The other reason they used CWDM rather than additional physical ports has to do with how the Plexxi switch form a logical topology. Being able to use wavelengths rather than physical cable gives you all sorts of interesting applications (more on that below).
Now that we know what sort of bandwidth we have to work with on the LightRail, let’s talk about how it’s allocated. Let’s look at a base ring topology…
Here we have 12 Plexxi switches in a ring. The black lines indicate the physical LightRail connections between each device. Recall that we have 120 gig ,or 12 10 gig interfaces, per direction on the LightRail. The 120 gig is carved up between what Plexxi calls ‘base lanes’ and ‘express lanes’. Each switch creates four 10 gig paths to each of it’s directly connected neighbors…
Each green line above represents the base lanes, or 40 gig of bandwidth. The base lanes provide each switch with four dedicated optical paths to each of it’s directly connected neighbors. In addition, each switch then creates two 10 gig paths to it’s 4 closest east and west neighbors on the ring. For ease of visualization, I’ll only show that for one of the switches…

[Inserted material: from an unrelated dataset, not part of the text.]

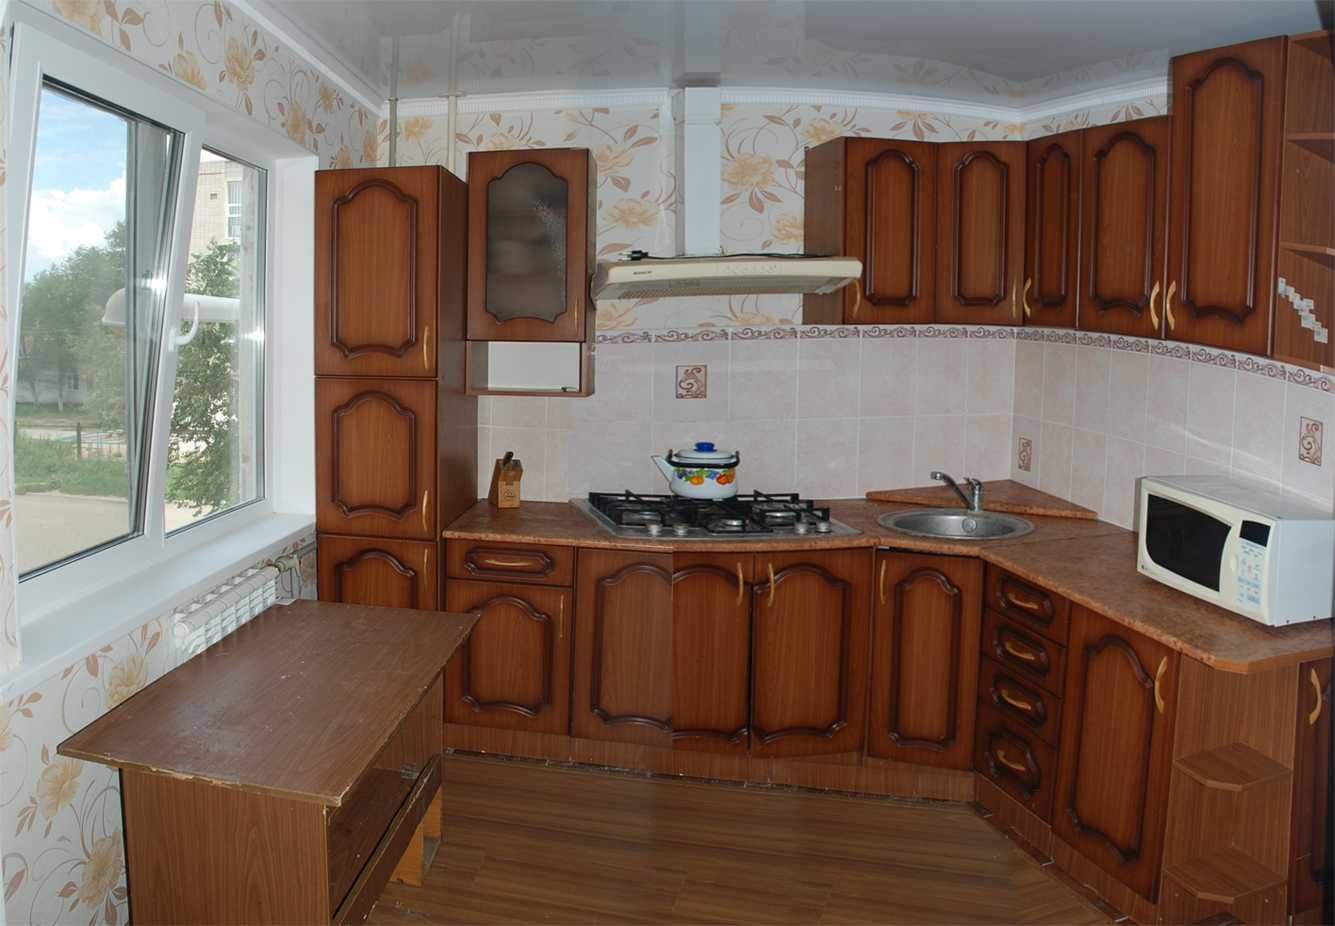 Продам 2-х комнатную квартиру в центре города Атырау
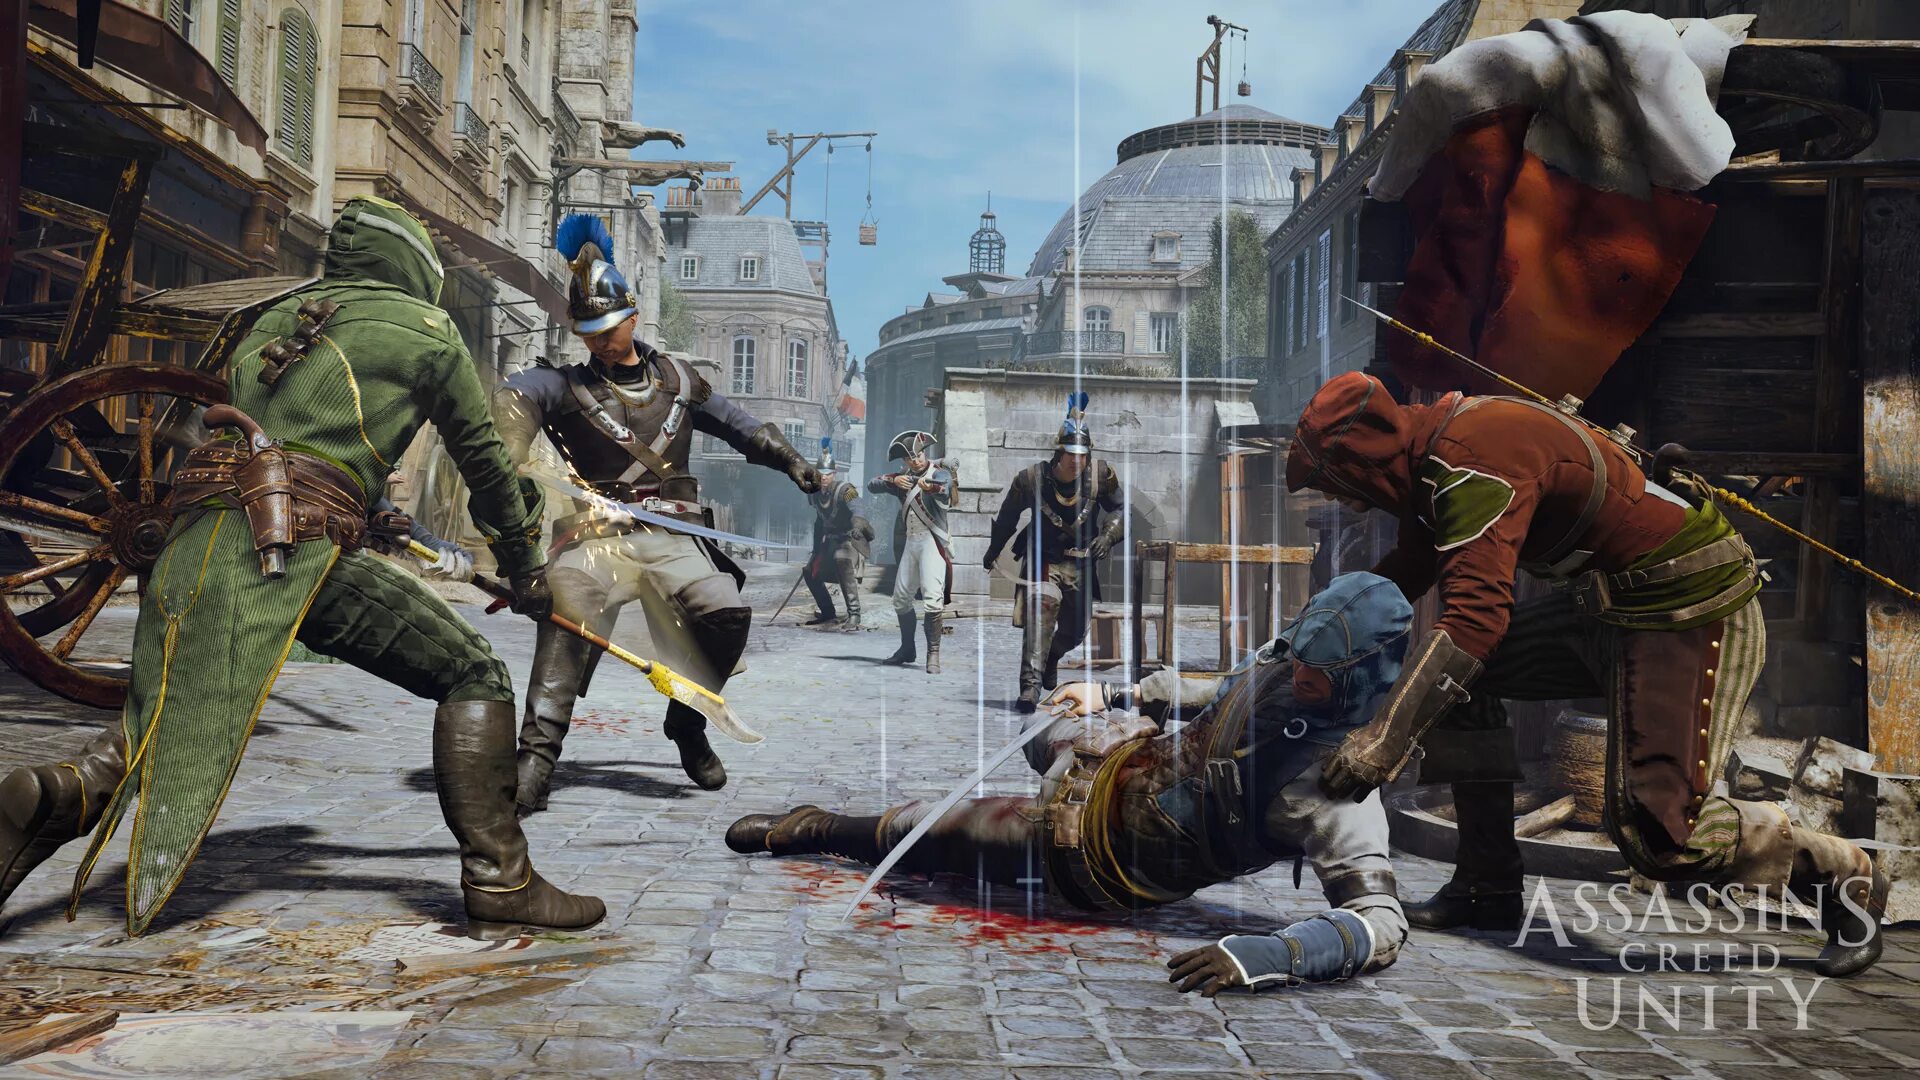 Assassin's Creed Unity геймплей. Assassin's Creed Unity Gameplay. Assassin’s Creed: Unity – 2014. Assassin's Creed 5 Unity. Ассасин юнит

So if we add that all up, we should get 120 gig in each direction…
This topology is what is referred to as a chordal ring. More specifically, this base topology would be considered a 10 degree chordal ring. 10 degrees since each node has 10 connections to other nodes in the ring. Keep in mind that this is just the base topology, AKA you just booted up the Plexxi ring. This is not static and can change to better fit the applications running on top of Plexxi (more on this soon). As you can imagine, this lends itself to all kinds of interesting logical topologies that the ring can use.
So now that we know about the switch to switch connectivity, let’s talk about what happens to actual data entering a switch. As we discussed above, the switches are based off of the commodity Broadcom Trident 2 chipset. So there are really three main components to a Plexxi switch. An optical module (handles the WDM and LightRail), the Broadcom chip (for the actual ‘switch’ processing), and a crossbar fabric to connect the two. When traffic enters a switch, it can do one of three things. Either it can head to the Broadcom (access ports), optically bypass the switch, (on it’s way around the ring somewhere else), or it can be optically switched to another wavelength. The crossbar can be programmatically manipulated to send incoming traffic wherever it’s needed.
So it’s a safe assumption then that incoming wavelengths can be programmed to either terminate on the switch (end access port for host) or get optically switched outbound to another Plexxi switch. Confused? For now just keep the following fact in mind. Despite the fact that the physical cabling is a flat ring, you are really working with a ‘full’ optical mesh. In a design with 11 Plexxi switches, each switch would have direct connectivity to every other switch in the ring.
Now that we’ve talked about the hardware used, let’s talk about the second interesting piece of the Plexxi solution. The software.
What makes Plexxi a true SDN solution is the software that manages this hardware. Above all of the hardware sits Plexxi control. But before we talk about the control, we have to define the term ‘affinity’. If you’ve read any Plexxi doco up to this point, you’ve probably heard the term being used. Plexxi defines an affinity as ‘referring to the relationship between data center resources required to execute a given application workload’. So basically we are talking about all of the components required to make an app in a data center work.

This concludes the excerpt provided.